## [Exercise directions]
Quote the whole listing word for word. Do not include the pictures.

## [Supplied material]
■ ■ ■

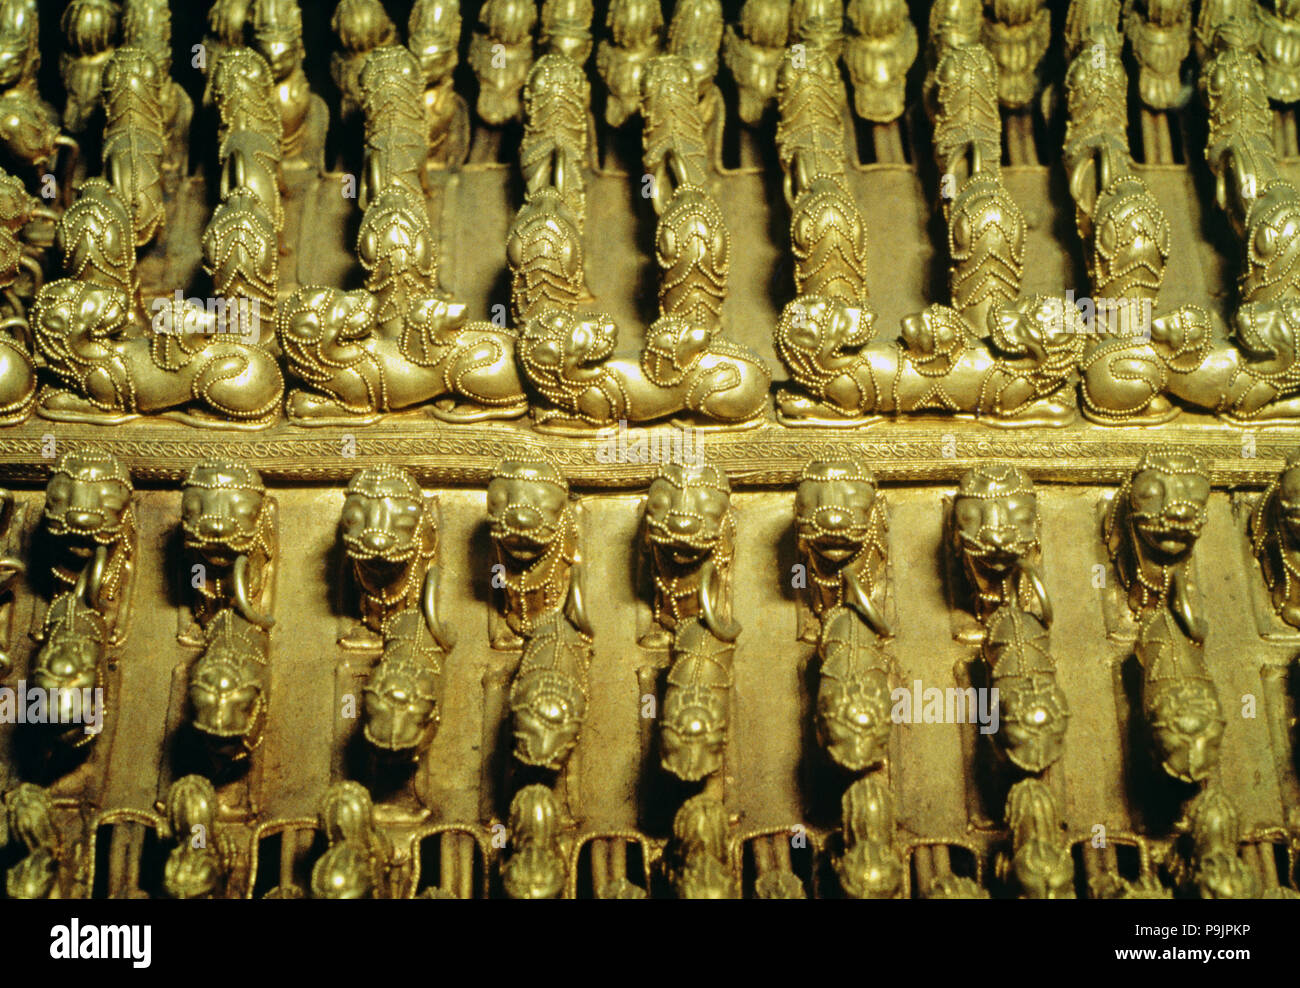 Dettaglio di un pettorale in oro con figure zoomorfe di forma rotonda. Foto Stock
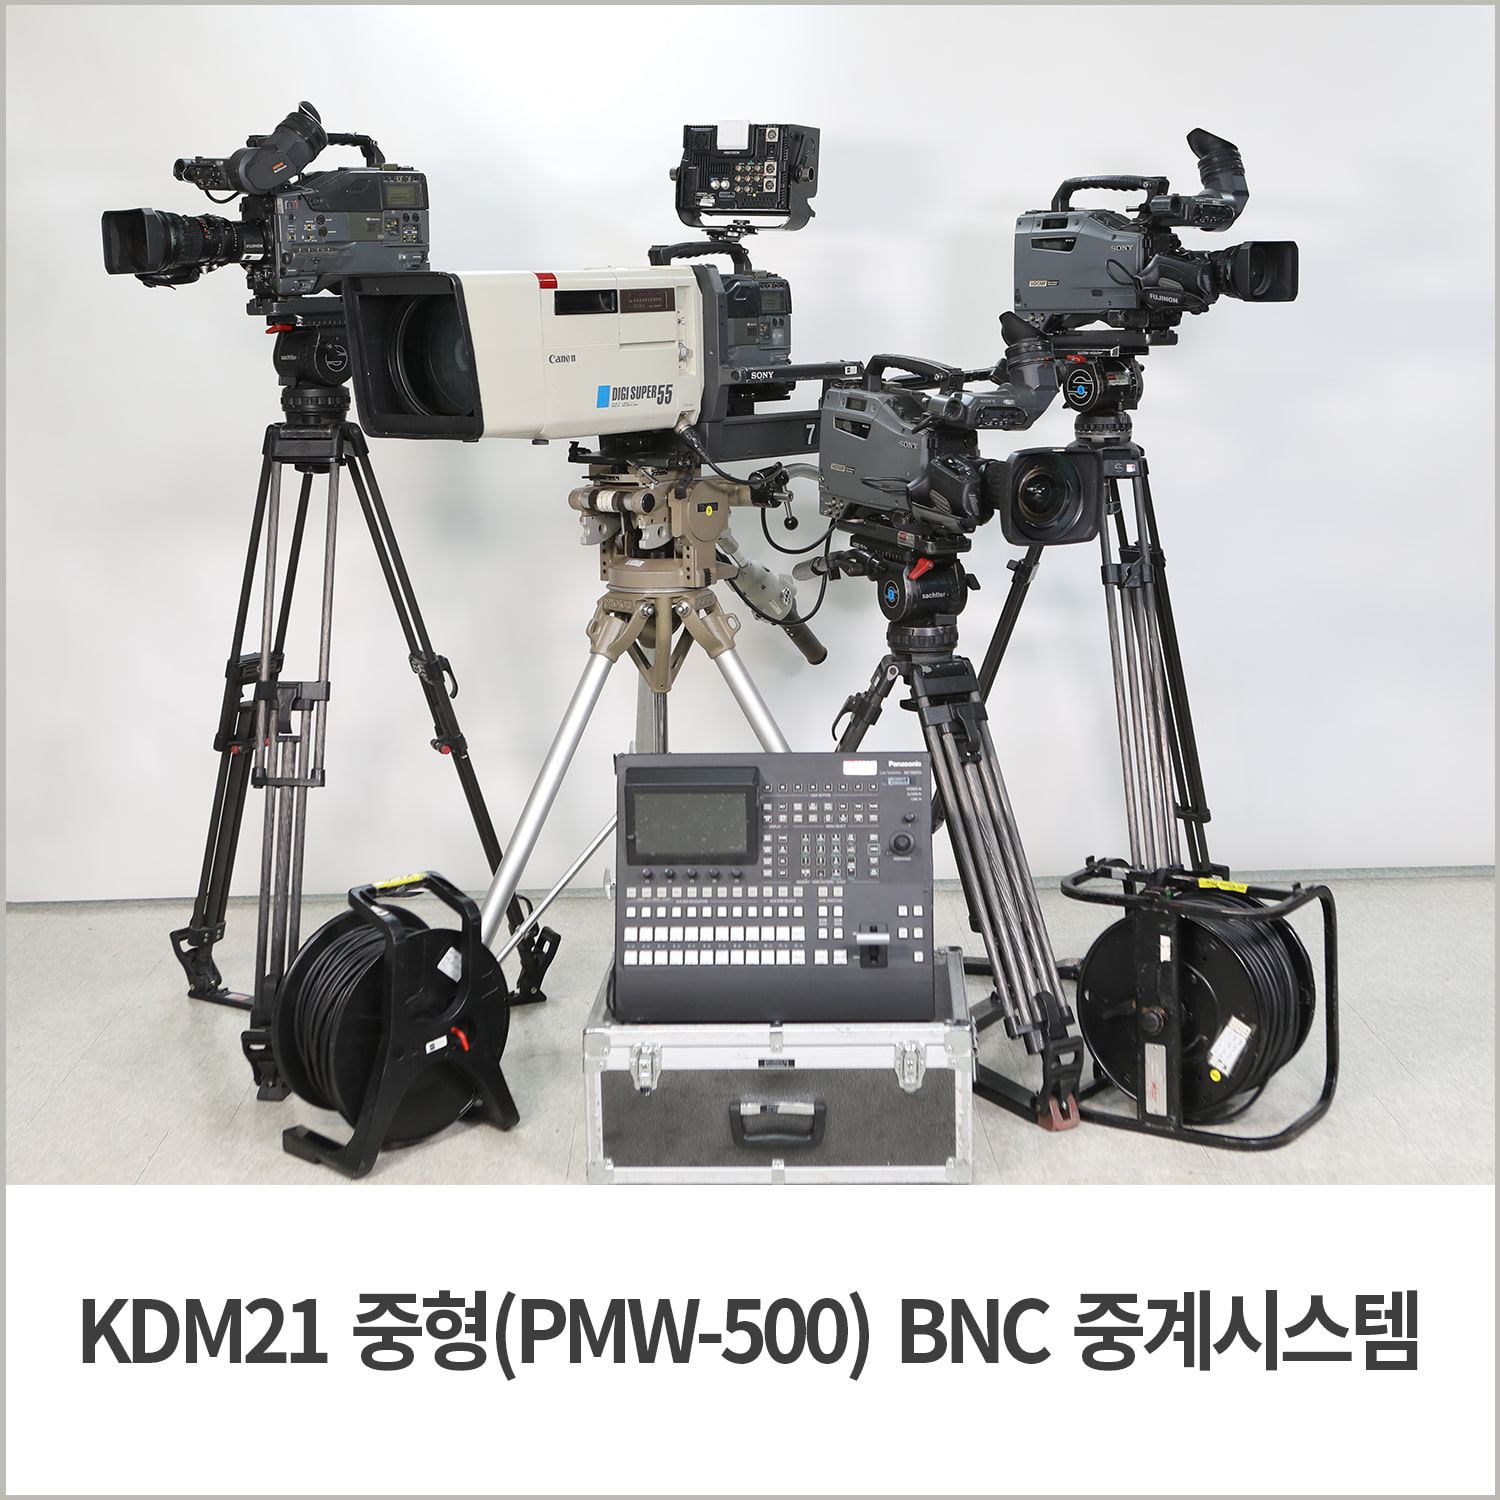 [중계시스템] KDM21 중형(PMW-500) BNC 중계시스템
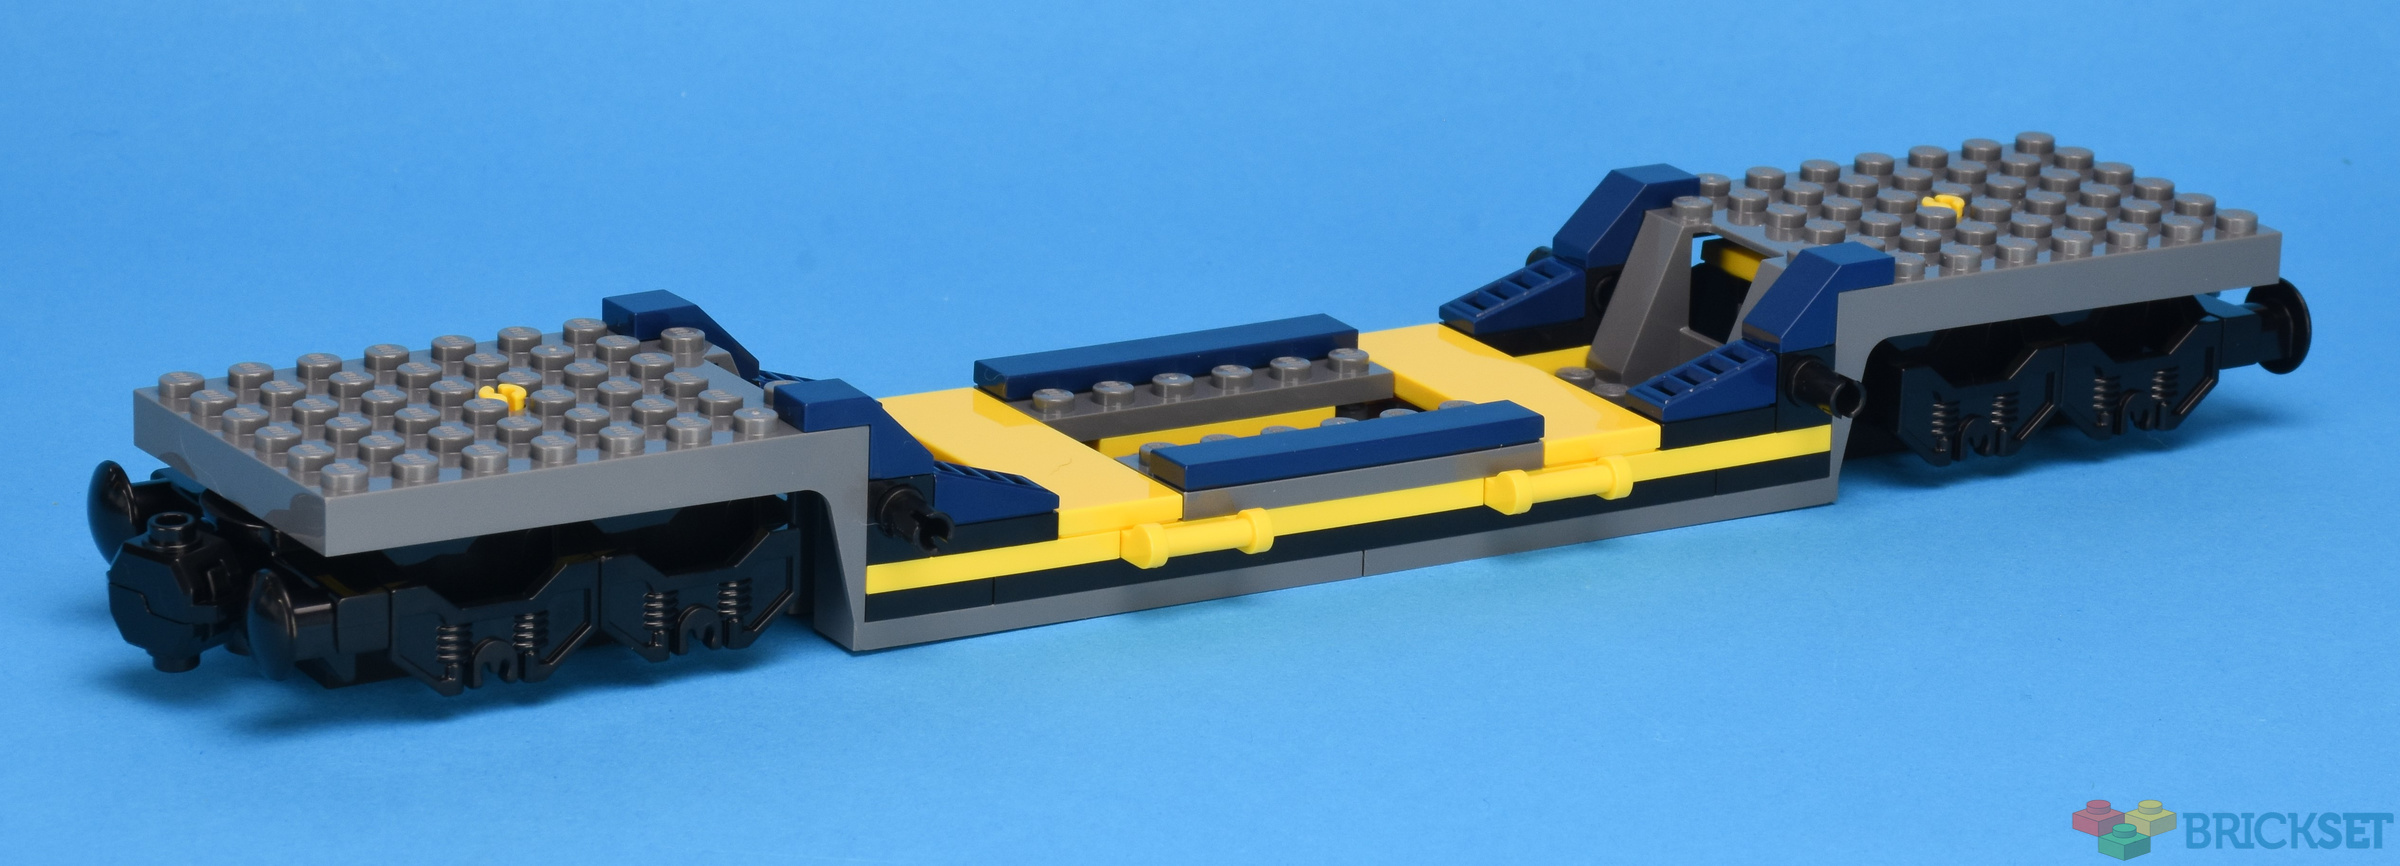 R Portal Rund LEGO 60336 Freight Train review | Brickset
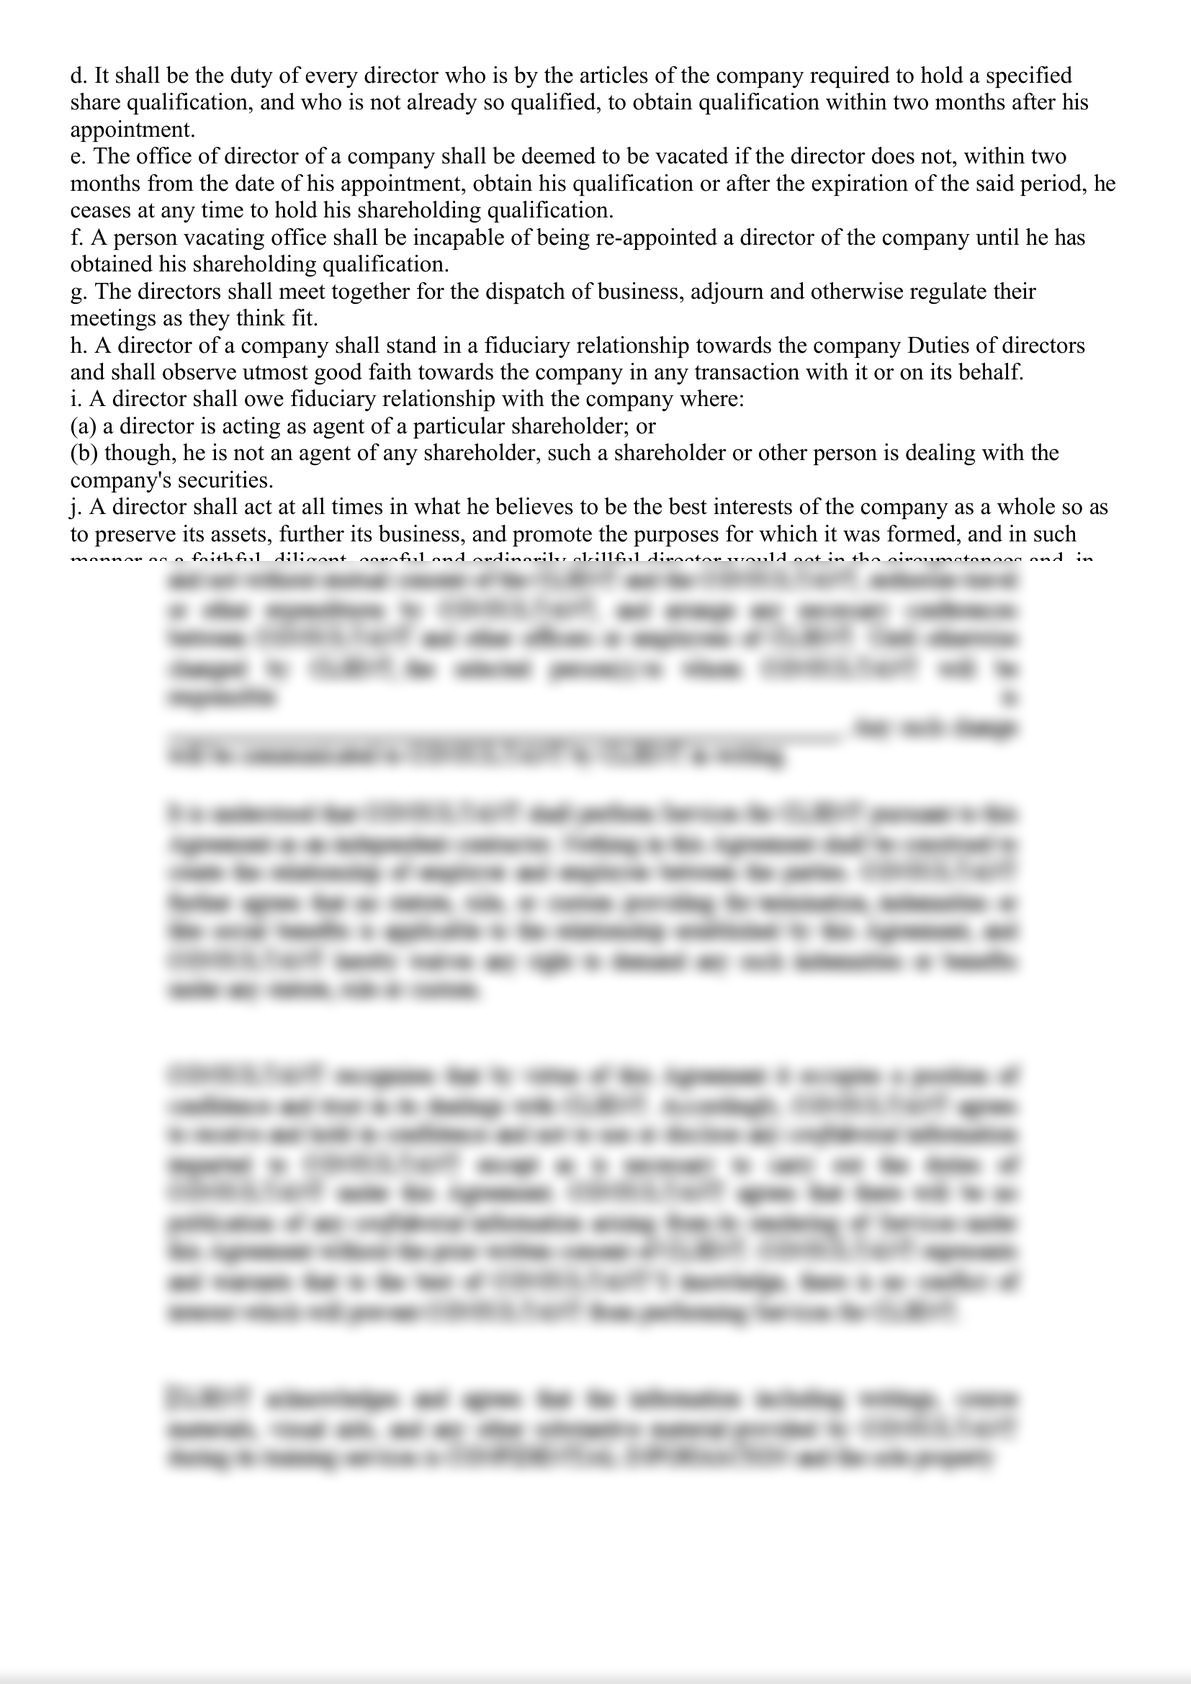 Amended Shareholders Agreement-2

■ ■ ■

## [Expected output]
 Dettaglio di un pettorale in oro con figure zoomorfe di forma rotonda. Foto Stock
 [중계시스템] KDM21 중형(PMW-500) BNC 중계시스템
 R Portal Rund LEGO 60336 Freight Train review | Brickset
 Amended Shareholders Agreement-2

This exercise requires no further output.